WHAT THE TASK REQUIRES >>
Without including any pictures, write out the listing below exactly.

DATA BELOW >>
# # # #

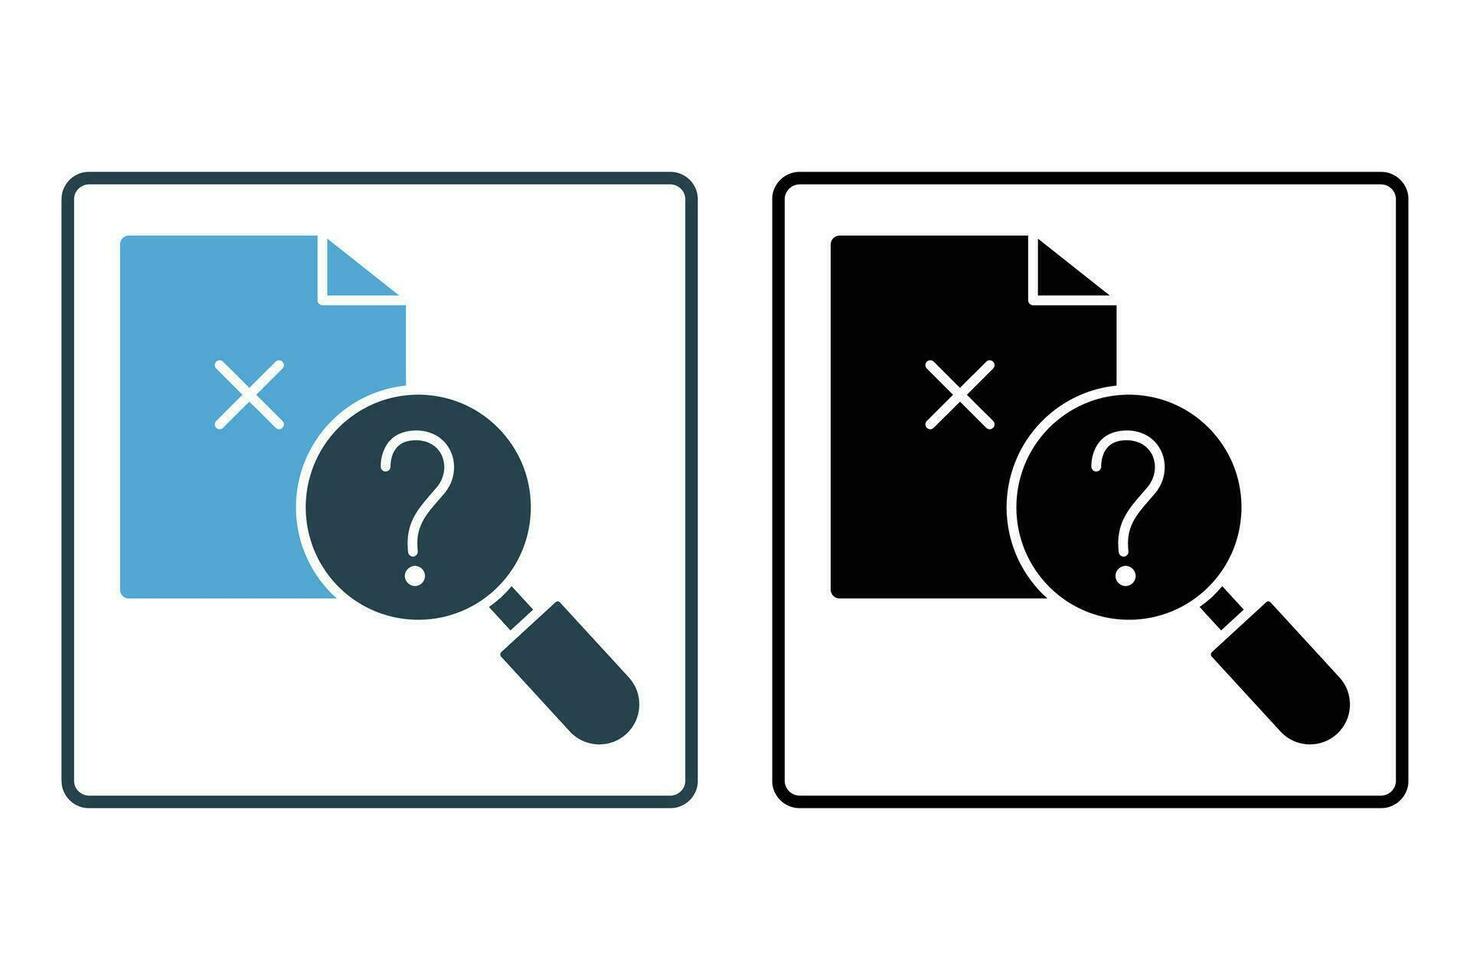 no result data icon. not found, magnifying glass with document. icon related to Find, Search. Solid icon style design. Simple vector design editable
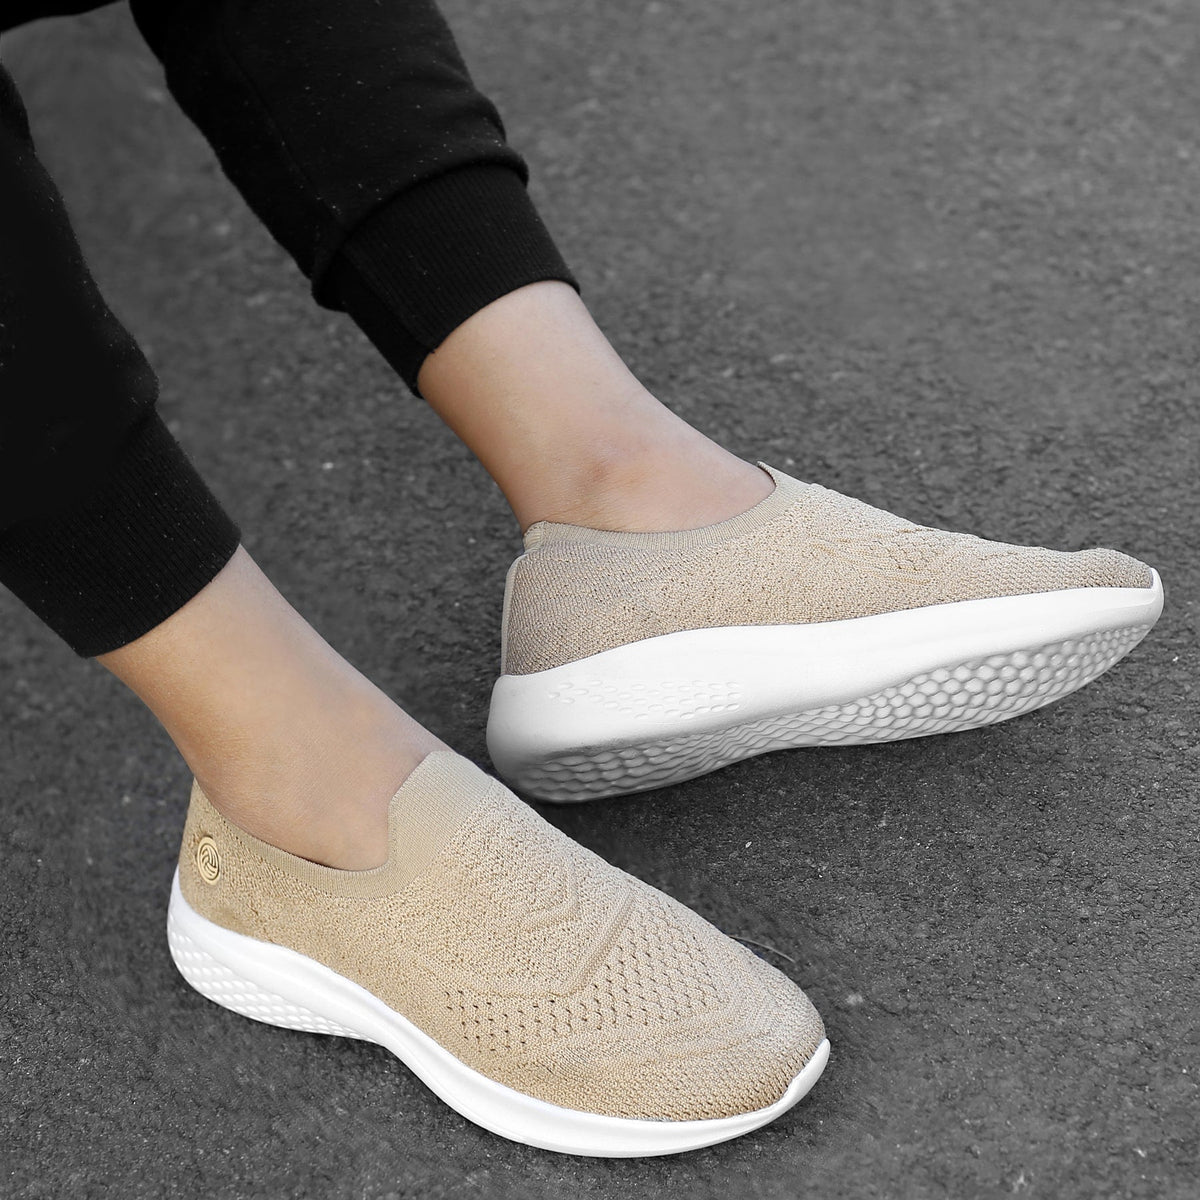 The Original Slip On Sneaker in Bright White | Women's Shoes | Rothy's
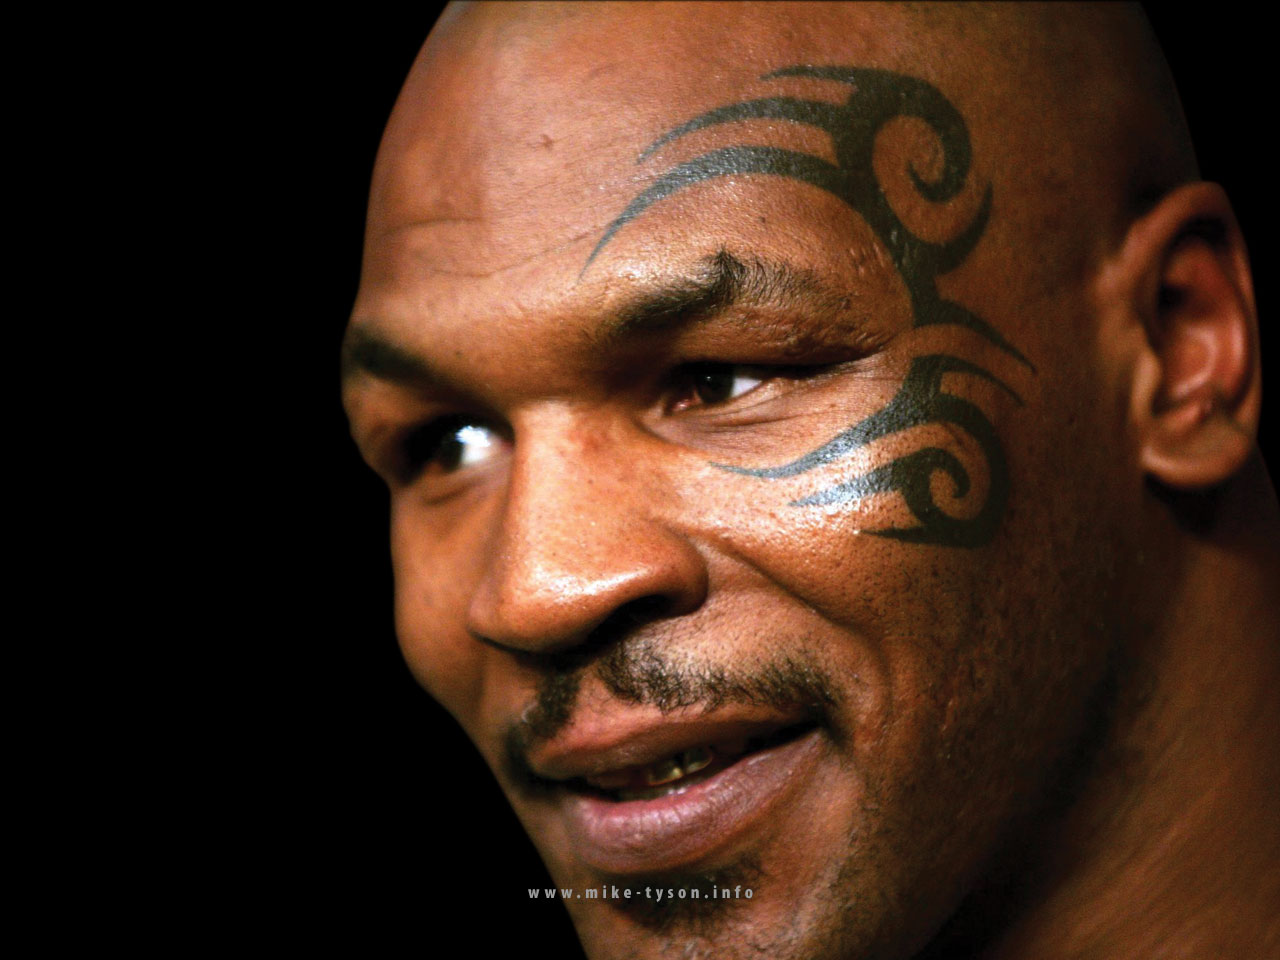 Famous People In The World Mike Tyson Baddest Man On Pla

# # # #

RESPONSE AREA >>
 no result data icon. not found, magnifying glass with document. icon related to Find, Search. Solid icon style design. Simple vector design editable
 The Original Slip On Sneaker in Bright White | Women's Shoes | Rothy's
 Famous People In The World Mike Tyson Baddest Man On Pla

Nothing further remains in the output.